My parents are amazing people.
I know most people say that and sometimes unfortunately not enough can say that but I can and for that I am truly grateful!
Now I’m not saying they are 100% perfect, but with what they had they did their gah damn very best and as one of four of their children that’s all we could ever ask for.
Both my parents were born in Mexico and at young ages both moved to the U.S. with their families. Both graduated high school and both literally started from the bottom and worked their way up in their respective careers. Though I know it wasn't easy for them.
As a kid, I remember trying to stay up to catch my dad coming home late from work or having an art fair at school and not having them able to come because both were working. They weren't the parents who could always pick us up right after school or make it to all of our games. We were often left in after school care or picked up by family members and dropped off at our sports practice then later picked up by my parents. As a kid it wasn't that I felt they were never there because they were. They would literally get off work and come to us where ever we were, where ever we needed them to be. More often than not they would come to our practices still in their work clothes and just watch us (if my dad was coaching us he’d change from his work clothes and start coaching!). With four kids in soccer six-days-a-week, they never just had 8 hour work days. They made it when they can and when they did we were their sole focus.
But as a kid you see your classmates’ parents helping in the class whenever big events were happening or their parents would bring them lunch, go with us on field trips and you’re both sad and frustrated that your parents aren't those parents. Especially when you’re the third of four children and your parents have already been through all the same with your older siblings (god bless my little brother’s soul, for he was the fourth and they had already been through everything three times already). So as a kid that’s when it hurt the most, but now looking back I understand the sacrifices they made for me and my siblings.

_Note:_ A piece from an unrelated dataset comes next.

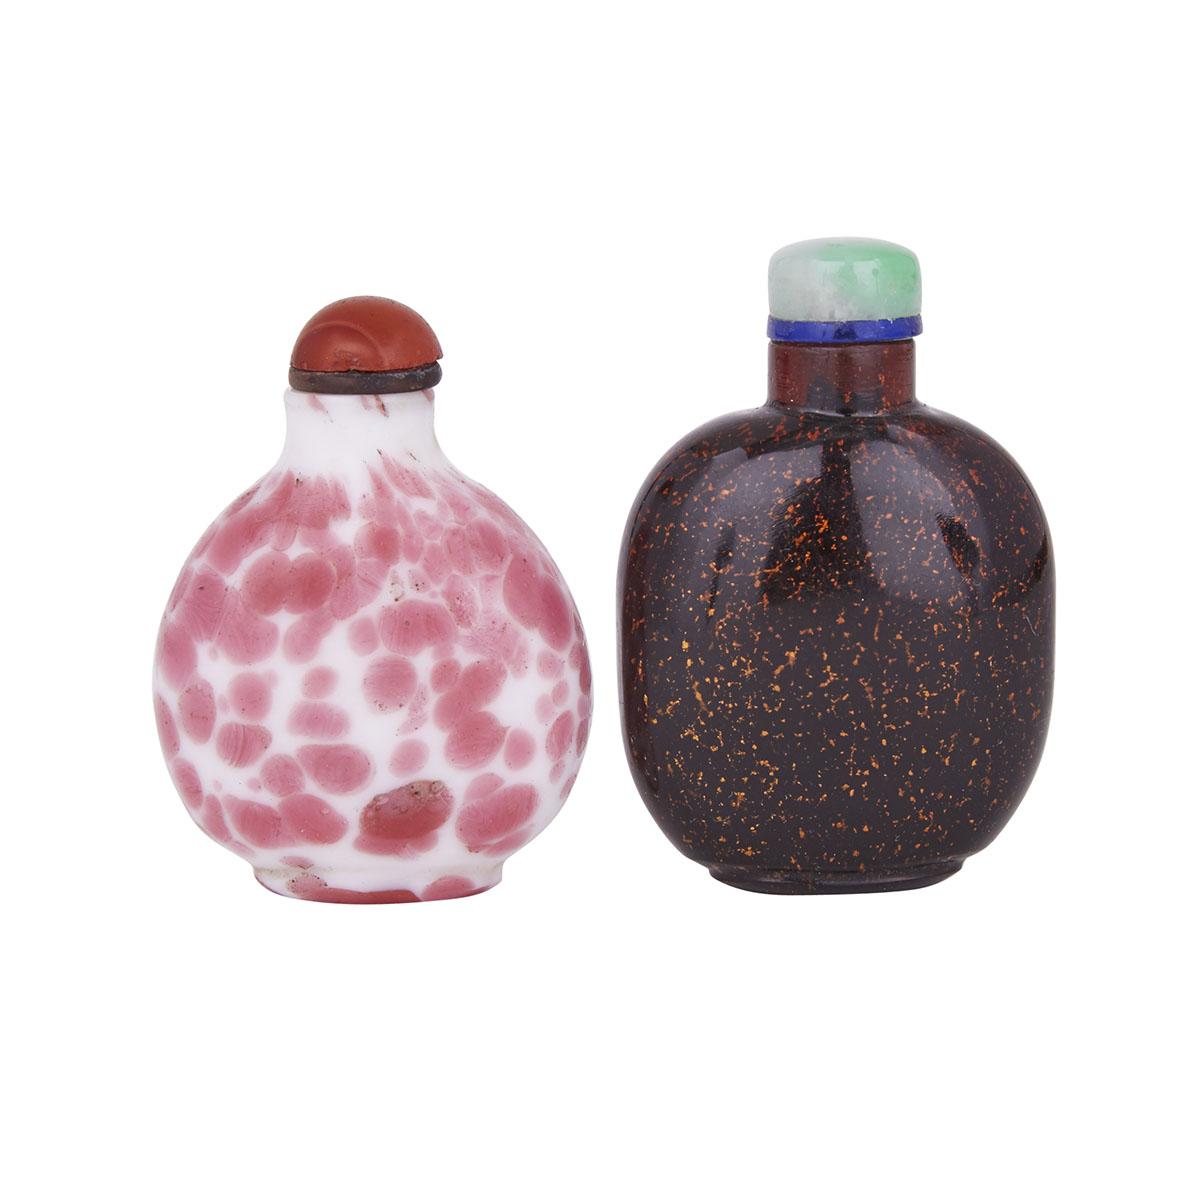 TWO PEKING GLASS SNUFF BOTTLES, 19TH CENTURY 清十九世紀 京料鼻煙壺兩件 One of deep brown glass with an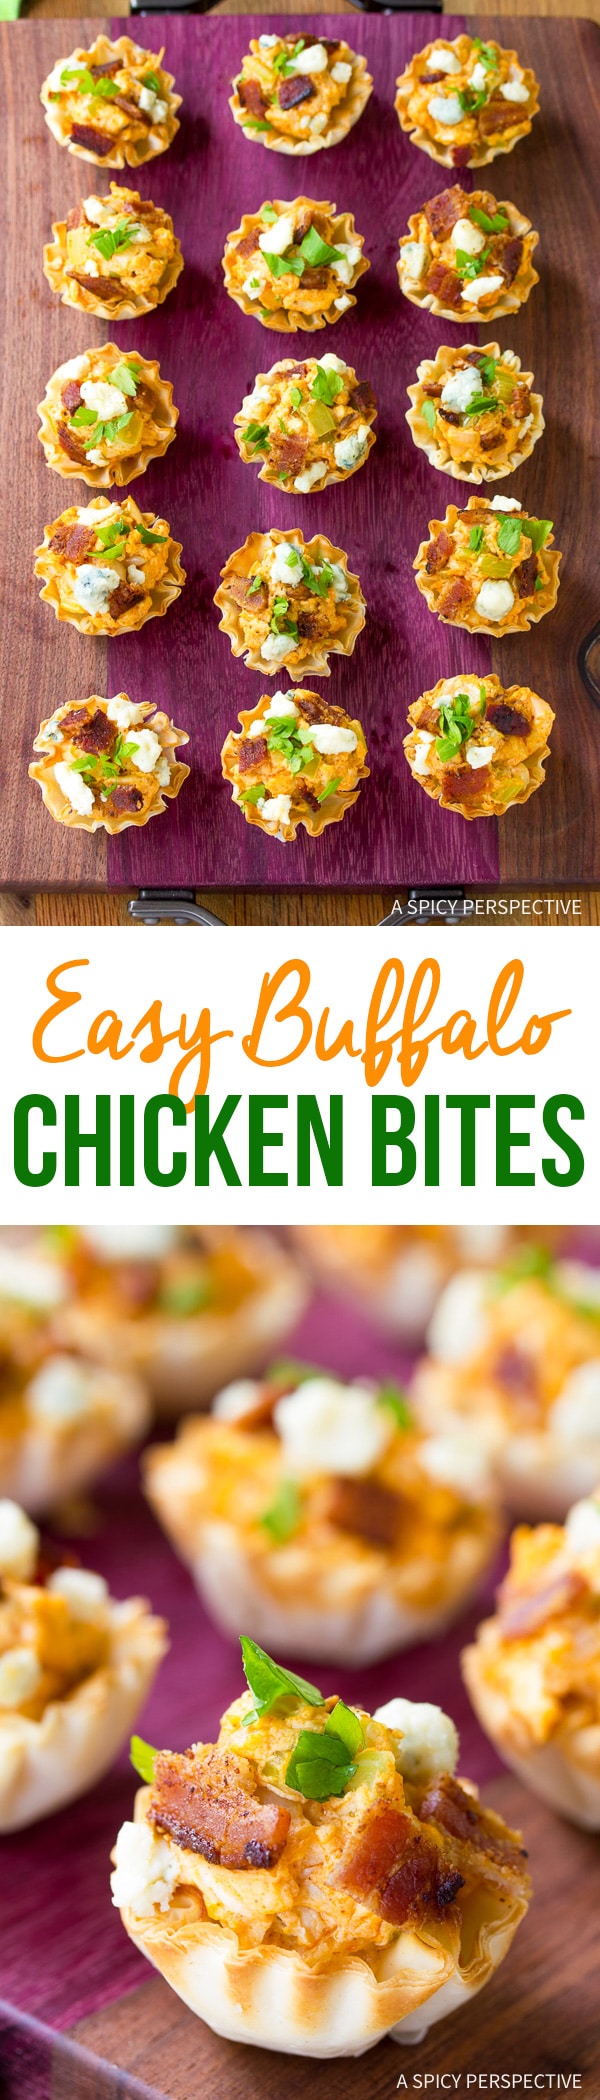 Looking for quick and tasty party snacks? Look no further. These itty bitty Easy Buffalo Chicken Bites are just the thing to serve at your game-day party!

They worked so long and hard so they could afford to put us in the best schools and allow us to play all of our extra curricular activities. Sure we didn't take summer vacations every year like other families, or have the hottest toy, or the coolest clothes but we still got presents on Christmas and our birthdays, we always had food in our fridge, I've lived in the same house my whole life and we all got to play soccer for our lives (trust me that equipment and league fees are not cheap). They did the best they could and provided us with the best they had.
To this day, they’re still providing for us! They have four adult children still living in their house and even though we all pitch in and pay the bills we can, they never once asked us to pay rent or even the bills we’re paying now. They always drove the point that as long as we were in school they would do whatever they can to help us continue our education. They didn't want us to put school as a back burner, they wanted us and still want us to get college degrees and be the most successful adults we could be. Neither one of them received college degrees or really had the opportunity to, so they always told us that what they wanted for us was what they couldn't have for themselves.
Even as I write this lengthy post, words cannot express how much they've done for us, not just financially but emotionally as well. Despite my family not being the best communicator for emotions, we've somehow managed. My parents never really talked openly to us about sex, drugs, and peer pressure (or not at least with me maybe my siblings) but they never had to….they raised us in a way that all that stuff was just common sense. They raised us in a unique way by guiding us without really hovering and commanding us. They trusted us! That’s a lot to say about a relationship with our parents. Sure they had rules we had to follow and sometimes we thought they were somewhat ridiculous but they weren't “crazy parents’ strict.”
Even to this day when I see how other people are with their parents, both sides now being adults, I see how unique it is to have the relationship I do with my parents. As we've grown, they've grown with us and that says something about them. Some parents no matter the age of their children still treat their children as kids and though my parents are still my parents and we’re still their kids, they also respect us as adults who live their own lives.
With both, my mom and dad, each losing one of their parents and being old enough to actually see and understand them processing that loss, I understand how lucky I am to have them with me.I understand how lucky I am to have this unique relationship with them. I understand that it won’t always be this way. And sure as we go on we will continue to not see eye-to-eye on certain things, but at least we have a relationship where that’s okay. Where it’s fine if we have different opinions, at least we have a relationship where both sides can disagree but still love each other and continue to spend time with each other, most people don’t have that!
So to my Mom and Dad, from the bottom of my heart, I thank you!
I also want to thank their parents for raising them in such a way that gave me and my siblings our parents.